Tapestries, furniture, and bedding were sent from the Royal Wardrobe at the Tower of London to furnish Tutbury, but because of delays caused by poor weather Bess of Hardwick was asked to send her things from Sheffield. This left the Earl's houses at Sheffield unfurnished, so Mary had to go to Tutbury. She arrived on 4 February 1569. She noted the castle was like a hunting lodge, with its enclosure on a slight hill reminiscent of the Bois de Vincennes, and complained of the damp, the wet plaster, and draughty ill-fitting old carpentry. The British Library has a sketch plan of her accommodation at Tutbury.

In March the Earl of Shrewsbury described how Mary sat with Bess, Countess of Shrewsbury in the countess' chamber at Tutbury with Lady Livingston and Mary Seton working at embroidery. She moved to Wingfield Manor in April. Mary was returned to Tutbury in September with increased guard and a reduced household. In November 1569, following the Catholic Rising of the North, Mary was rushed south to Coventry where she stayed in an inn. Elizabeth sent orders for her return to Tutbury on Christmas Eve. The "pauvre prisonniere" (poor prisoner), as she described herself, was back at Tutbury on 2 January 1570. Mary was sent to Chatsworth in May 1570.

===Mary returns in 1585===
In January 1585 she once again returned to Tutbury via Wingfield Manor, and on the way stayed a night in Derby in the house of a widowed Mrs Beaumont. Her keepers Ralph Sadler and John Somers were made busy providing satisfactory hangings for Mary's bedchamber. Hangings brought from Lord Paget's nearby houses at Burton and Beaudesert were unsatisfactory. The queen's bedchamber was located at the top of a lodging (immediately under its roof), which was built against the castle wall. This room was of timber construction, and had no windows looking out through the castle wall, its two windows looked into the castle court. To increase the warmth of her bedchamber Mary improvised a tent of tapestry over her bed.

The French diplomat Michel de Castelnau wrote to Mary's son, James VI. He reported Mary's optimism and her pleasure in her new lodgings at "Teutbery". In the coming months, Mary made numerous detailed complaints about her lodgings in her letters to Castlenau and his successor Châteauneuf. An outdoor enclosure made with wooden palings by John Somers, she wrote, was more like a pig run than anything that might be called a garden.
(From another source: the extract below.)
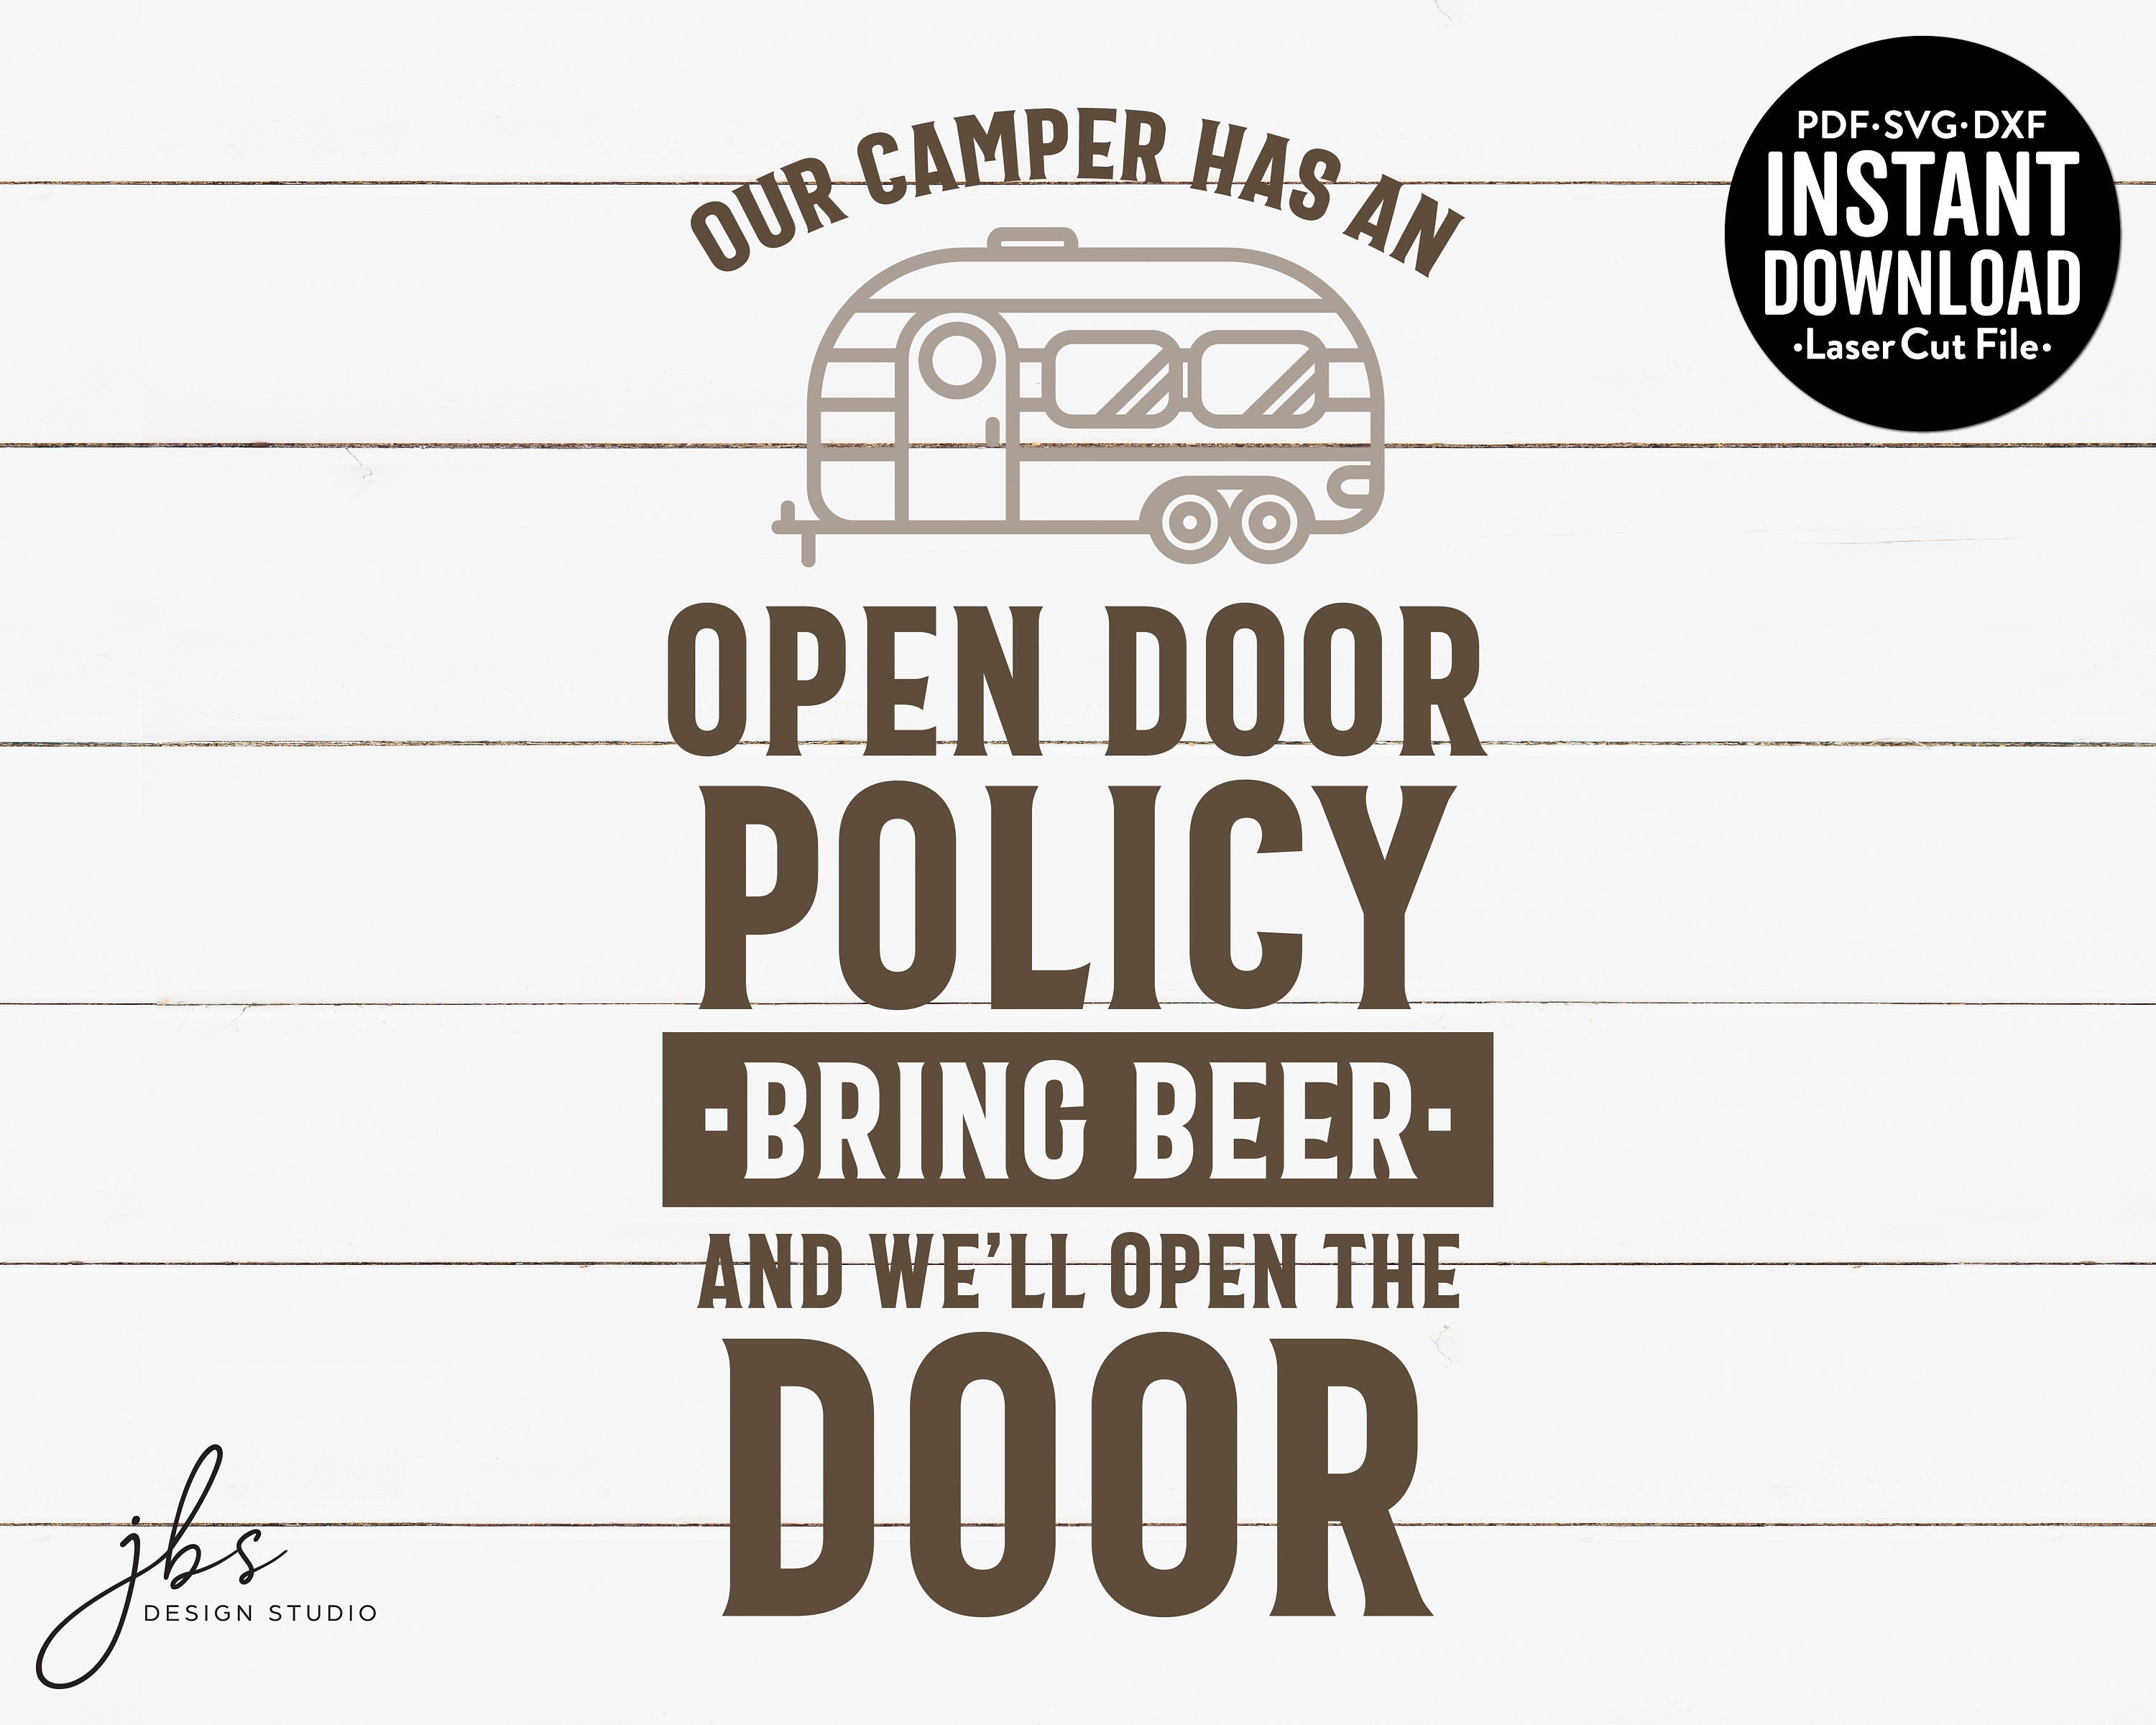 Why Your Business Should Adopt An Open-Door Policy

Mary had a billiard table at Tutbury. Ralph Sadler sometimes took Mary hunting with his hawks on the river Dove, no farther than three miles from the castle, with a guard of 40 or 50 men on horseback. Queen Elizabeth disapproved of this freedom and forbade it. On 19 April 1585 Mary was placed in the care of Sir Amyas Paulet, who took down Mary's cloth of estate from the chamber where he ate, and stopped Mary's servants using the wall walk near the gate. Paulet also curtailed her charitable activities in the town, and disarmed her Scottish servants, many of whom had pistols.
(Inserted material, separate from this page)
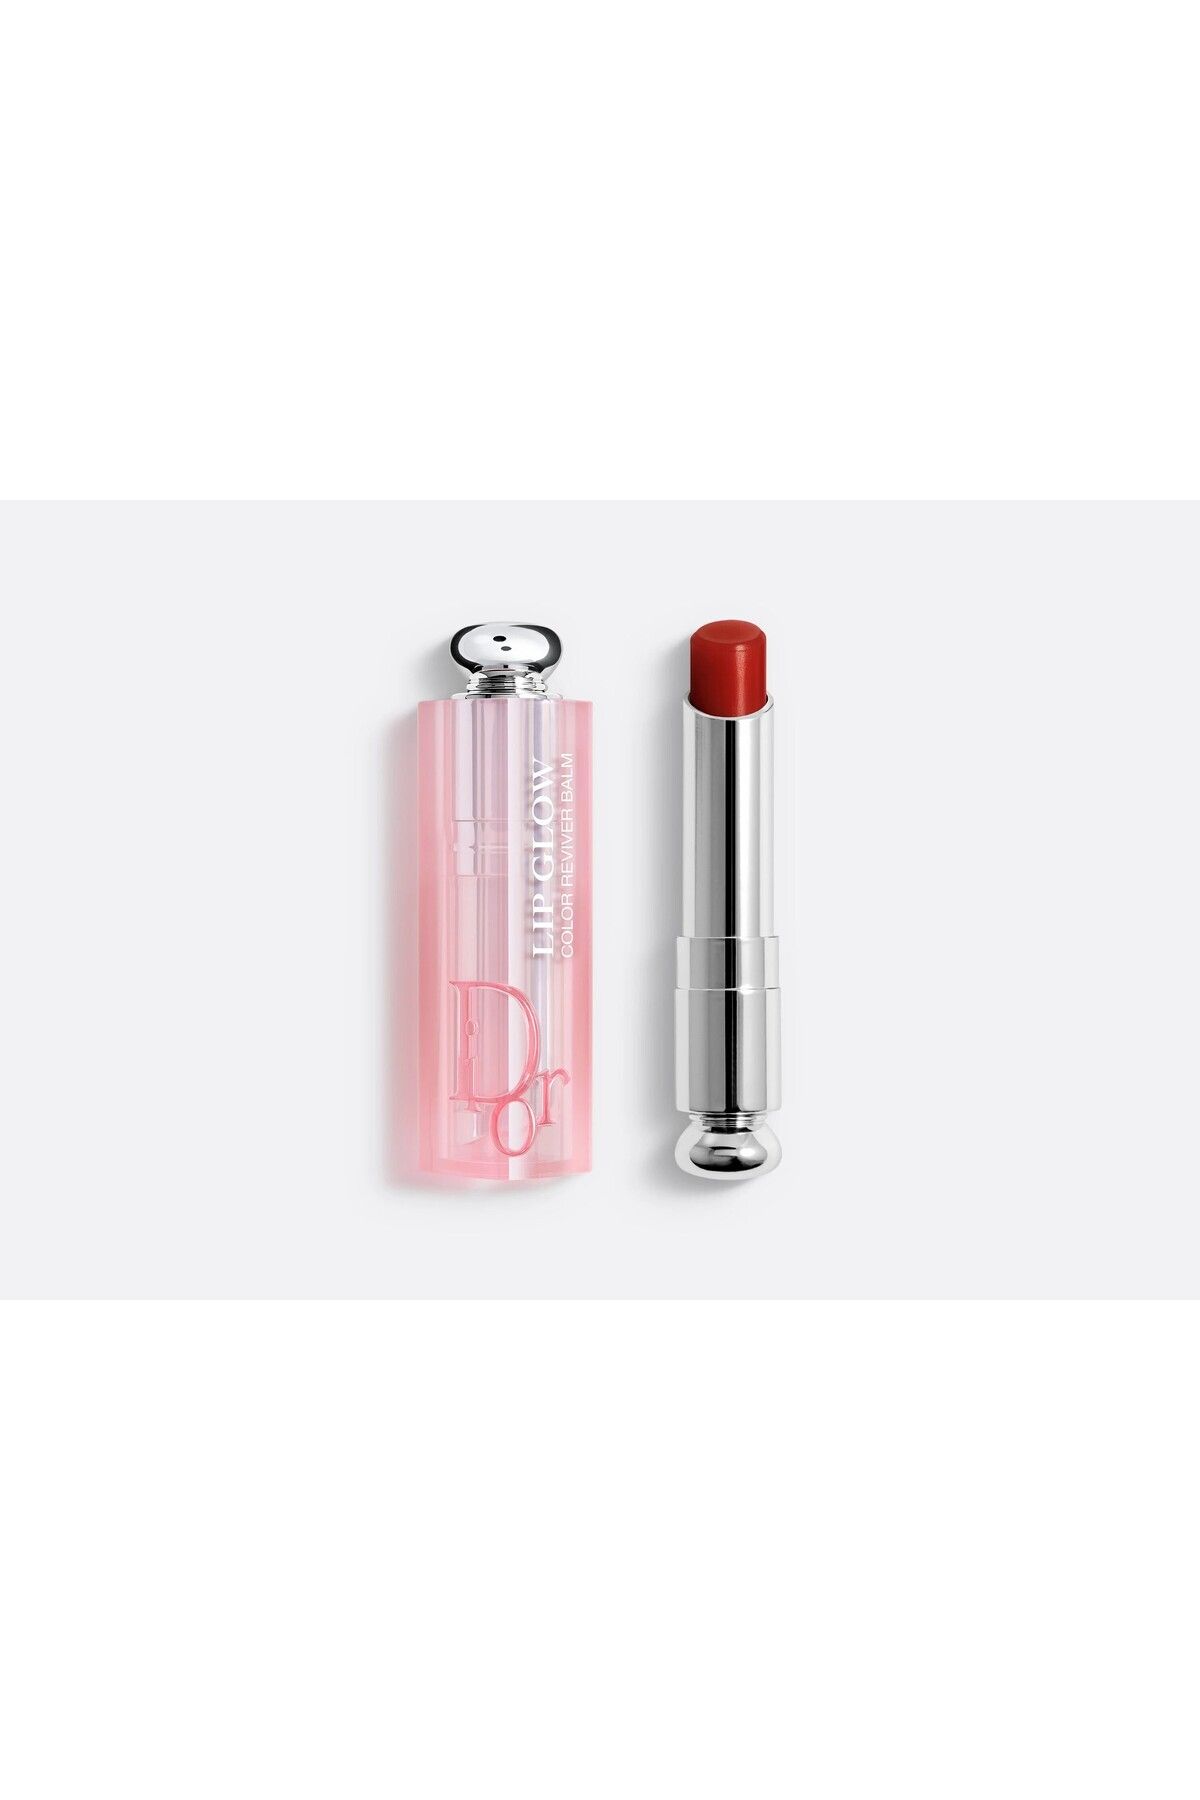 Dior ADDİCT LİP GLOW - 24 DAYS EFFECTİVE REVİTALİZİNG WİTH CHERRY OİL DEMBA2379

In July she was allowed to hunt her greyhound after deer at Stockley Park near Anslow. By August Mary was anxious to move temporarily to another house so her lodgings could be swept and cleaned. Mary pointed out that the Earl of Shrewsbury followed this routine. However, Lord Paget's nearby houses and the house of Henry Cavendish (son of William Cavendish) at Doveridge were not suitable to house all her train of servants. Paulet considered modifying her lodging or letting the queen use another part of the castle which he occupied. Security was difficult for this other lodging, where Mary had stayed in 1569. It had two chambers twenty-four feet above ground level, with windows looking over the dykes towards Tutbury town. The windows and a "house of office", a latrine, could have been used for escape. On Christmas Eve 1585, she finally moved to Chartley Castle.

===Destruction===
By the late sixteenth century the fabric of the castle began to decay, although James I stayed there a number of times between 1619 and 1624. In August 1624 he knighted Sir Henry Rainsford of Clifford Chambers and Sir Edward Vernon of Sudbury at the castle.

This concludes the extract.